**Task requirements**: Using the records that follow, reproduce exactly the lines starting at the line containing "Enchanting treehouse in" and ending at the line containing "City Wide Screen". Include both end lines and no pictures.

** Opening Extracted records block **

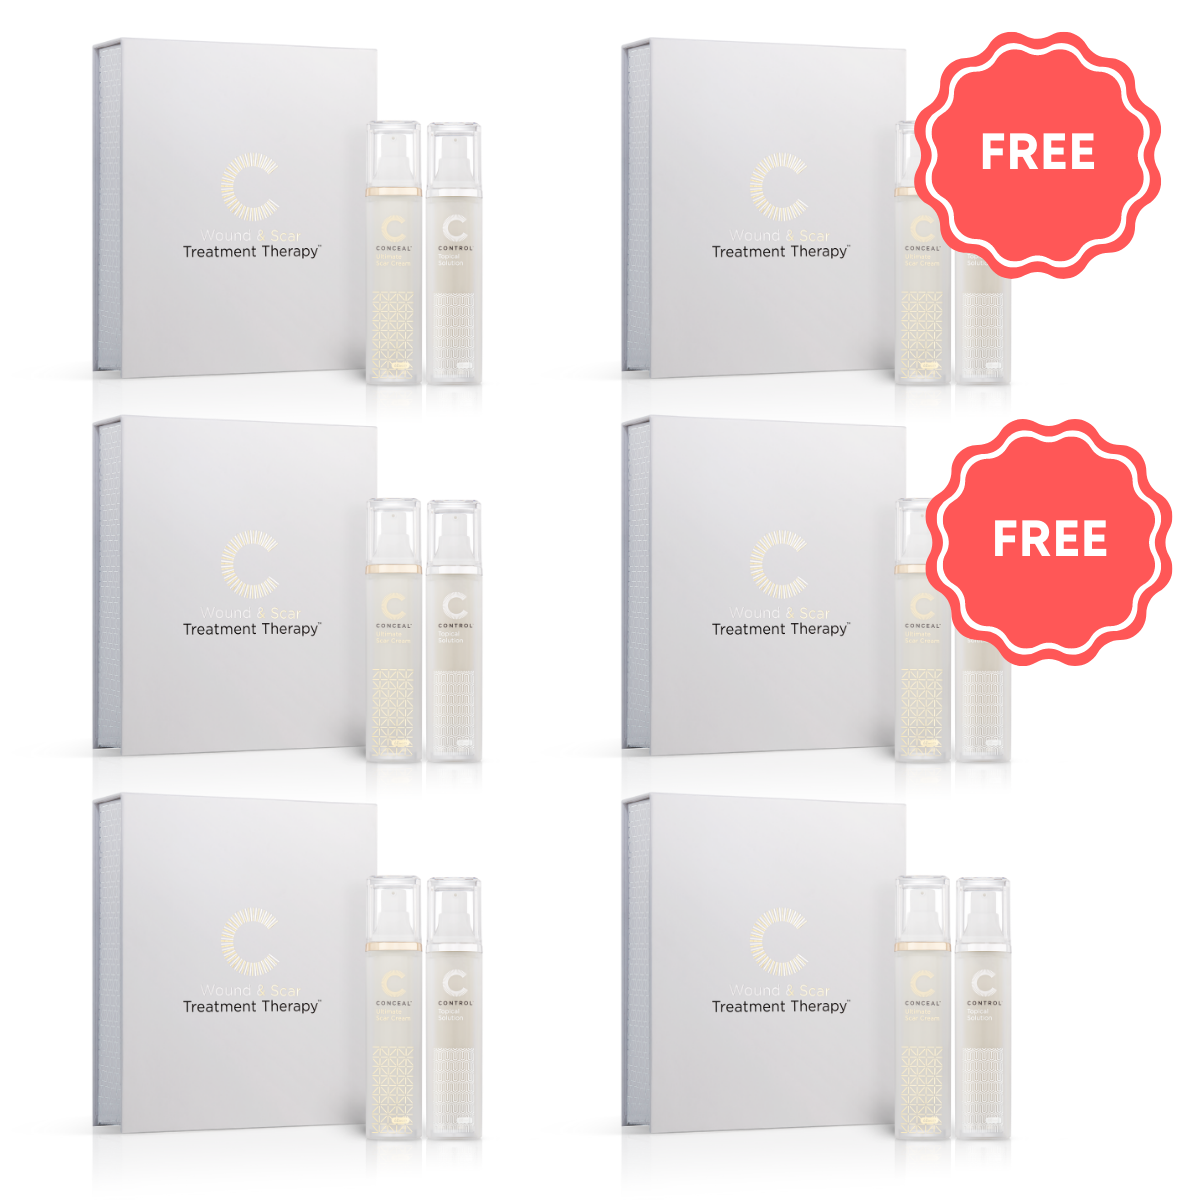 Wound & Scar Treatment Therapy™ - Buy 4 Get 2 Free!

** Closing Extracted records block **
** Opening Extracted records block **

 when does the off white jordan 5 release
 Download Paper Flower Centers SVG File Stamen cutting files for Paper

** Closing Extracted records block **
** Opening Extracted records block **

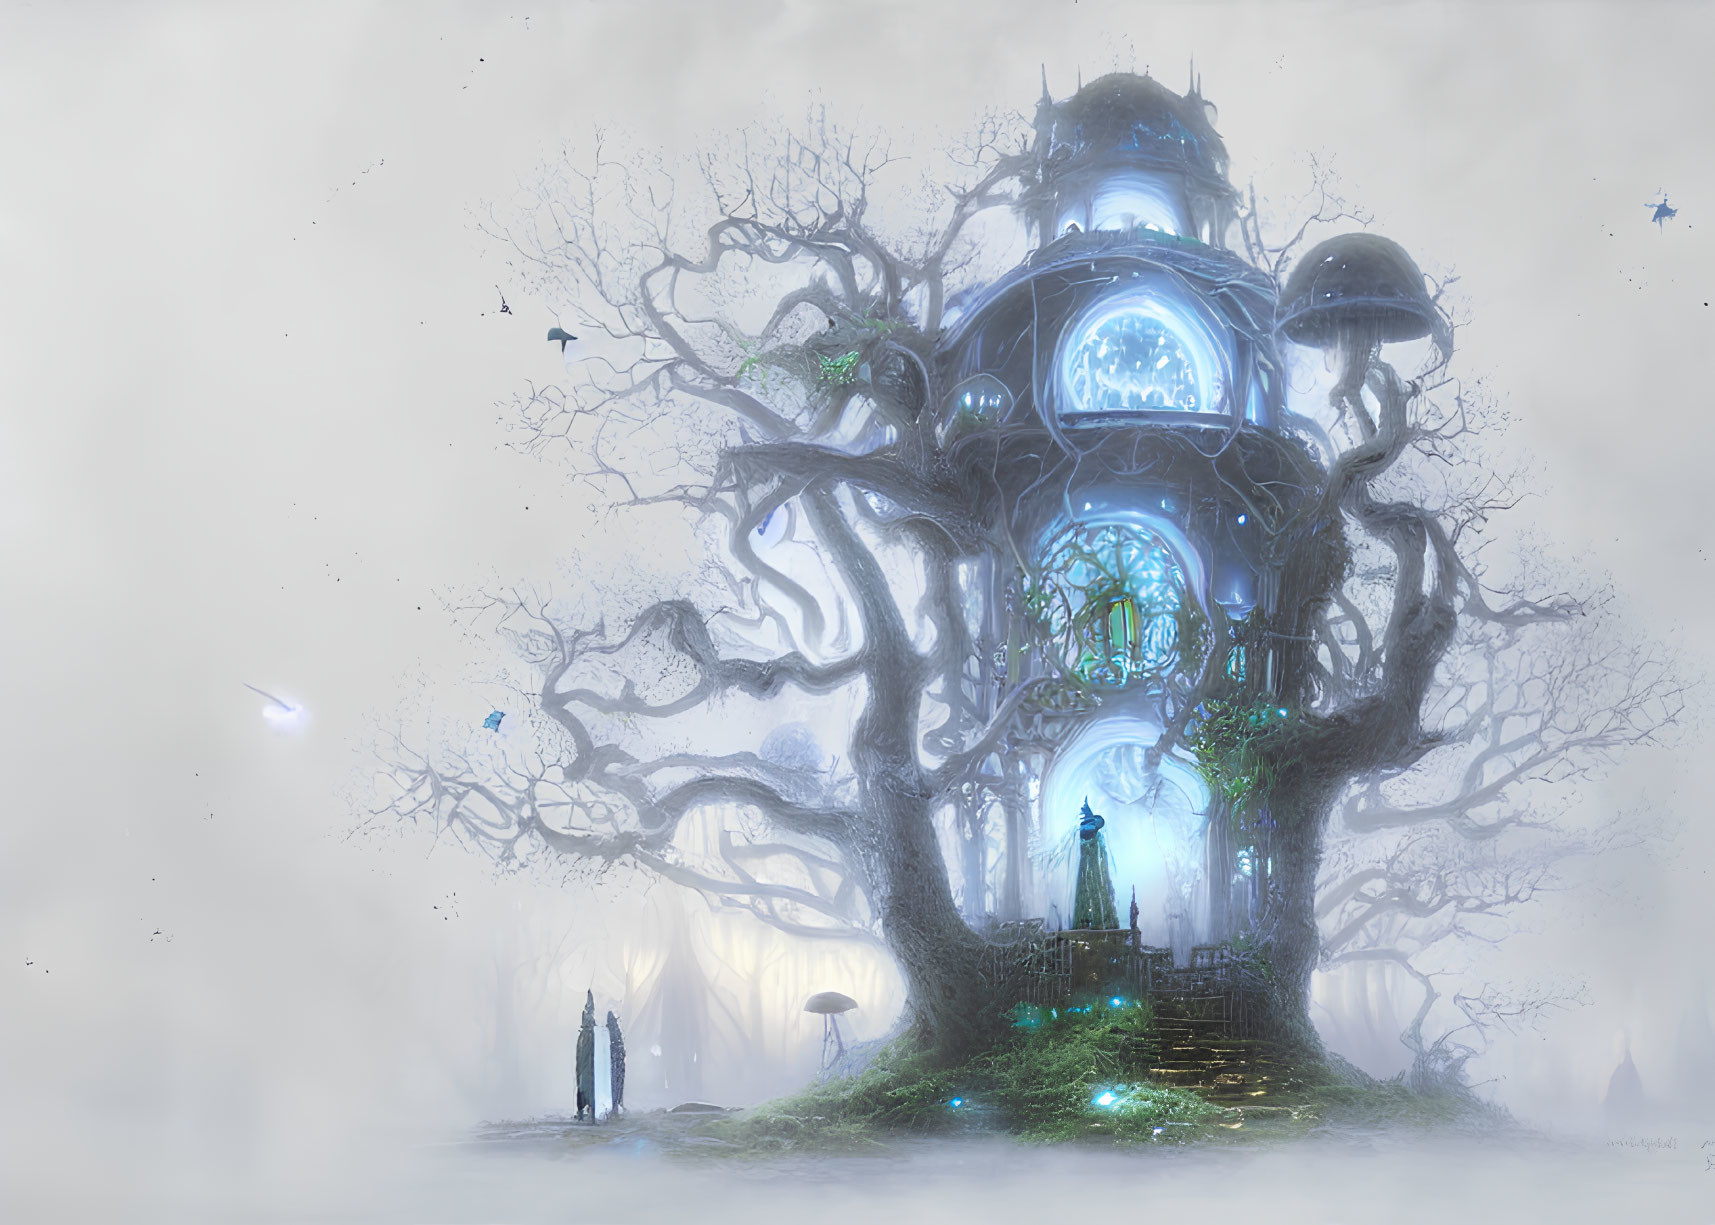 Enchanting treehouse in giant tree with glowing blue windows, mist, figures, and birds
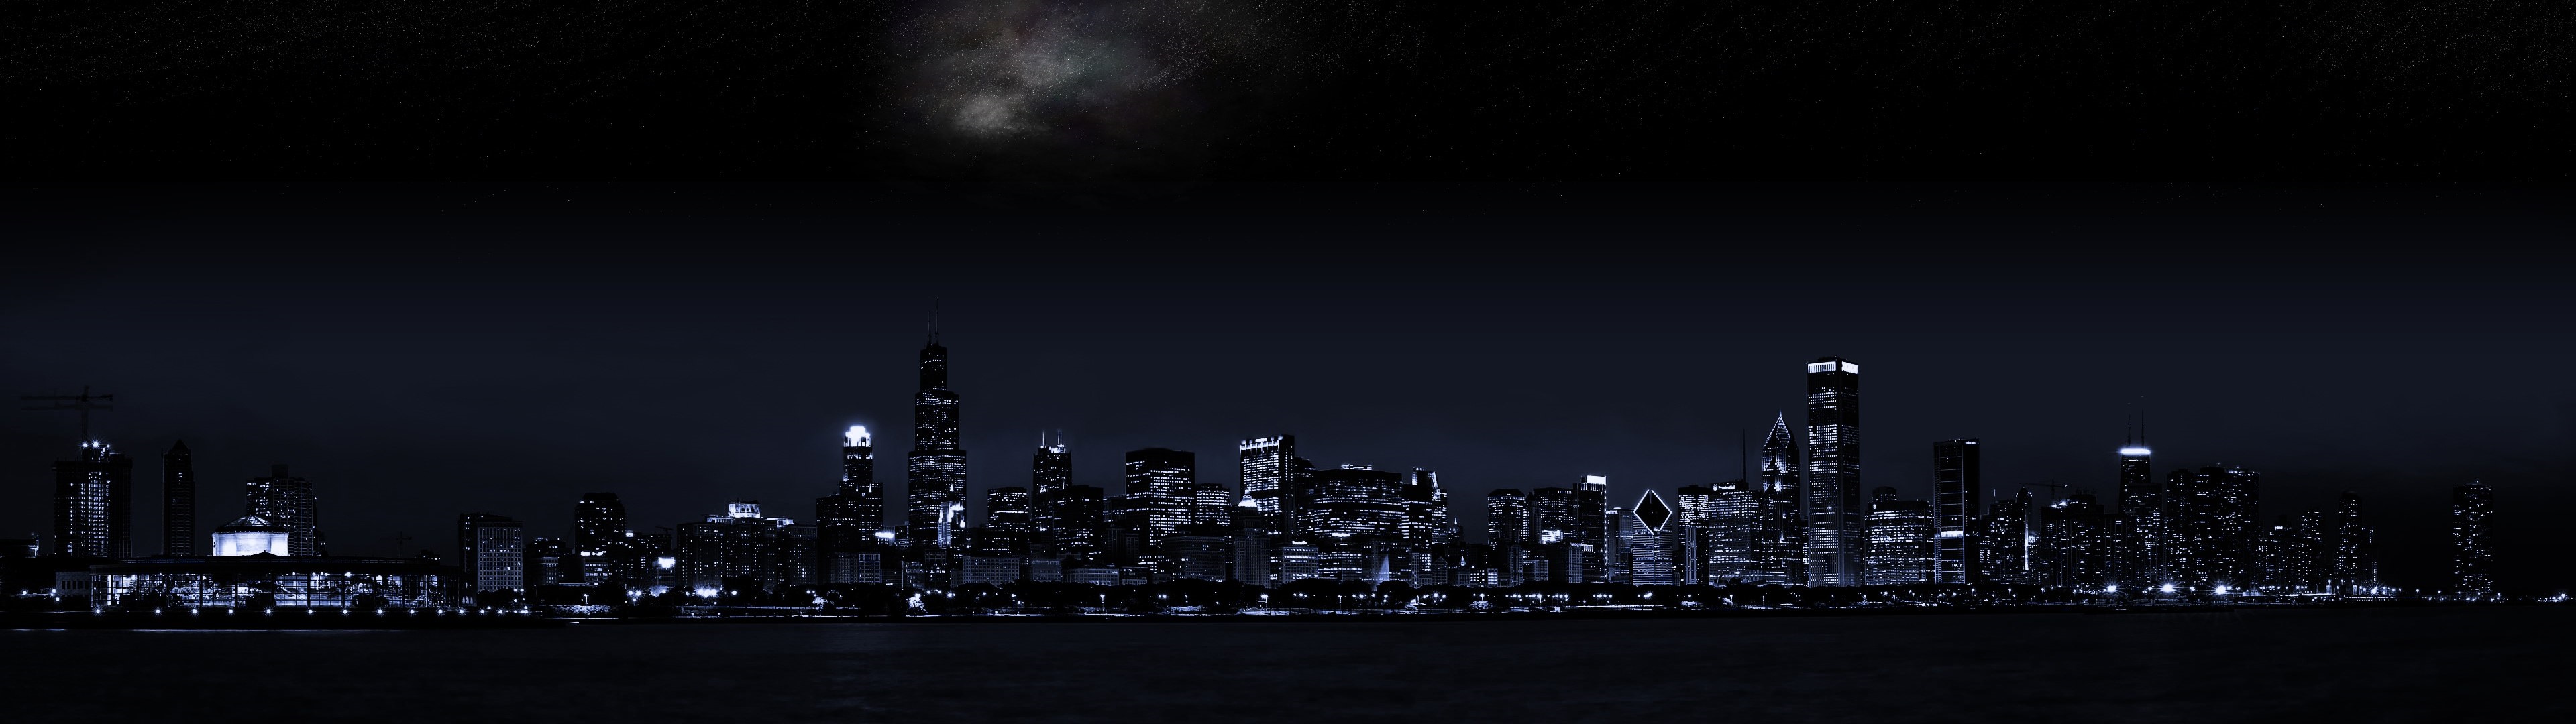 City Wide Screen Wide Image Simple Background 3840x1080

** Closing Extracted records block **

**Task solution**:
 Enchanting treehouse in giant tree with glowing blue windows, mist, figures, and birds
 City Wide Screen Wide Image Simple Background 3840x1080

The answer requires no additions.